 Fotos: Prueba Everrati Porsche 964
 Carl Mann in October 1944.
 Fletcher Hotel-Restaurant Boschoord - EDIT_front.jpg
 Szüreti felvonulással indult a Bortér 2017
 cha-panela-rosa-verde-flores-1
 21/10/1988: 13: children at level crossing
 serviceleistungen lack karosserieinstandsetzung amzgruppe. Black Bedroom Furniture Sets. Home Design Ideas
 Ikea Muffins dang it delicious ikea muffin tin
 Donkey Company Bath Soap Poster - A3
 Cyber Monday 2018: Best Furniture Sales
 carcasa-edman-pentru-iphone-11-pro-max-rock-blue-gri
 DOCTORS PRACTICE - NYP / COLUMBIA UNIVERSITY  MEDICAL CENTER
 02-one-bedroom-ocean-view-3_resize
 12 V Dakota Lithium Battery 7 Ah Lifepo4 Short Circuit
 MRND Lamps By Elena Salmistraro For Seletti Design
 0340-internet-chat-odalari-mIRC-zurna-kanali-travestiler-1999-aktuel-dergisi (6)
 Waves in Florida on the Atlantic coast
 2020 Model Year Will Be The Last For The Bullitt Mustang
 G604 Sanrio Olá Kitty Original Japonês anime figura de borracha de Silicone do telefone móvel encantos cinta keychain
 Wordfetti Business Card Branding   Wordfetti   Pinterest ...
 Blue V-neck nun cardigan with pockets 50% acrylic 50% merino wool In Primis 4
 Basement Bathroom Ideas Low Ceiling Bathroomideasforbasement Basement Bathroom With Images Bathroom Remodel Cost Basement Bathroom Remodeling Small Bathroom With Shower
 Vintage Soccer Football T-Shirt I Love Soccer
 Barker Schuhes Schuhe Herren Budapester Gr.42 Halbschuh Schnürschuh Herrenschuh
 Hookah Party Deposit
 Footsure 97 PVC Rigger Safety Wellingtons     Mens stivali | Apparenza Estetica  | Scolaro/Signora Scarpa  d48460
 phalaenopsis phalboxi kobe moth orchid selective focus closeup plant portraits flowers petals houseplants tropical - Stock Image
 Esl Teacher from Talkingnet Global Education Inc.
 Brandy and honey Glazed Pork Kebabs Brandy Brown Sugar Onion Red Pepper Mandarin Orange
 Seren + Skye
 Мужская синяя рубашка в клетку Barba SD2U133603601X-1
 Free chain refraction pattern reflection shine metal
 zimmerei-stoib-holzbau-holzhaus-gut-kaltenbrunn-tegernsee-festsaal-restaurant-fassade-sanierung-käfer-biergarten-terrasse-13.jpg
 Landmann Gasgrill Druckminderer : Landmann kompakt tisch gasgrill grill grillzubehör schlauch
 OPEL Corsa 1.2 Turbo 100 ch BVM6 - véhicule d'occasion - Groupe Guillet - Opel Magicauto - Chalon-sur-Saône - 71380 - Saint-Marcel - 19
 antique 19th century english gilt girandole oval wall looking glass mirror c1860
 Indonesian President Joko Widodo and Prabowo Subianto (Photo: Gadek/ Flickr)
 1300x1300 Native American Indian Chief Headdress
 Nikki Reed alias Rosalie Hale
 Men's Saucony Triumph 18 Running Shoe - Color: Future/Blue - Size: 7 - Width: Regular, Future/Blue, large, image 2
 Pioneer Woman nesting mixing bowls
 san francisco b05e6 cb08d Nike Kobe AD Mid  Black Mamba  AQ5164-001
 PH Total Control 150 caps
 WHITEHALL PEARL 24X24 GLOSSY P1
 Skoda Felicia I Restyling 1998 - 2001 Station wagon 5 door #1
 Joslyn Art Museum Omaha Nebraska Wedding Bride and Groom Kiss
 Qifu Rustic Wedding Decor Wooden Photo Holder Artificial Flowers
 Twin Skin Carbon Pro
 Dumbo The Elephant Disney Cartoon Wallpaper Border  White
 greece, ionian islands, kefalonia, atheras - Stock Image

----

WHAT YOU HAVE TO DO: Reproduce the data exactly. All of it is needed.

WRITTEN ANSWER:
 Fotos: Prueba Everrati Porsche 964
 Carl Mann in October 1944.
 Fletcher Hotel-Restaurant Boschoord - EDIT_front.jpg
 Szüreti felvonulással indult a Bortér 2017
 cha-panela-rosa-verde-flores-1
 21/10/1988: 13: children at level crossing
 serviceleistungen lack karosserieinstandsetzung amzgruppe. Black Bedroom Furniture Sets. Home Design Ideas
 Ikea Muffins dang it delicious ikea muffin tin
 Donkey Company Bath Soap Poster - A3
 Cyber Monday 2018: Best Furniture Sales
 carcasa-edman-pentru-iphone-11-pro-max-rock-blue-gri
 DOCTORS PRACTICE - NYP / COLUMBIA UNIVERSITY  MEDICAL CENTER
 02-one-bedroom-ocean-view-3_resize
 12 V Dakota Lithium Battery 7 Ah Lifepo4 Short Circuit
 MRND Lamps By Elena Salmistraro For Seletti Design
 0340-internet-chat-odalari-mIRC-zurna-kanali-travestiler-1999-aktuel-dergisi (6)
 Waves in Florida on the Atlantic coast
 2020 Model Year Will Be The Last For The Bullitt Mustang
 G604 Sanrio Olá Kitty Original Japonês anime figura de borracha de Silicone do telefone móvel encantos cinta keychain
 Wordfetti Business Card Branding   Wordfetti   Pinterest ...
 Blue V-neck nun cardigan with pockets 50% acrylic 50% merino wool In Primis 4
 Basement Bathroom Ideas Low Ceiling Bathroomideasforbasement Basement Bathroom With Images Bathroom Remodel Cost Basement Bathroom Remodeling Small Bathroom With Shower
 Vintage Soccer Football T-Shirt I Love Soccer
 Barker Schuhes Schuhe Herren Budapester Gr.42 Halbschuh Schnürschuh Herrenschuh
 Hookah Party Deposit
 Footsure 97 PVC Rigger Safety Wellingtons     Mens stivali | Apparenza Estetica  | Scolaro/Signora Scarpa  d48460
 phalaenopsis phalboxi kobe moth orchid selective focus closeup plant portraits flowers petals houseplants tropical - Stock Image
 Esl Teacher from Talkingnet Global Education Inc.
 Brandy and honey Glazed Pork Kebabs Brandy Brown Sugar Onion Red Pepper Mandarin Orange
 Seren + Skye
 Мужская синяя рубашка в клетку Barba SD2U133603601X-1
 Free chain refraction pattern reflection shine metal
 zimmerei-stoib-holzbau-holzhaus-gut-kaltenbrunn-tegernsee-festsaal-restaurant-fassade-sanierung-käfer-biergarten-terrasse-13.jpg
 Landmann Gasgrill Druckminderer : Landmann kompakt tisch gasgrill grill grillzubehör schlauch
 OPEL Corsa 1.2 Turbo 100 ch BVM6 - véhicule d'occasion - Groupe Guillet - Opel Magicauto - Chalon-sur-Saône - 71380 - Saint-Marcel - 19
 antique 19th century english gilt girandole oval wall looking glass mirror c1860
 Indonesian President Joko Widodo and Prabowo Subianto (Photo: Gadek/ Flickr)
 1300x1300 Native American Indian Chief Headdress
 Nikki Reed alias Rosalie Hale
 Men's Saucony Triumph 18 Running Shoe - Color: Future/Blue - Size: 7 - Width: Regular, Future/Blue, large, image 2
 Pioneer Woman nesting mixing bowls
 san francisco b05e6 cb08d Nike Kobe AD Mid  Black Mamba  AQ5164-001
 PH Total Control 150 caps
 WHITEHALL PEARL 24X24 GLOSSY P1
 Skoda Felicia I Restyling 1998 - 2001 Station wagon 5 door #1
 Joslyn Art Museum Omaha Nebraska Wedding Bride and Groom Kiss
 Qifu Rustic Wedding Decor Wooden Photo Holder Artificial Flowers
 Twin Skin Carbon Pro
 Dumbo The Elephant Disney Cartoon Wallpaper Border  White
 greece, ionian islands, kefalonia, atheras - Stock Image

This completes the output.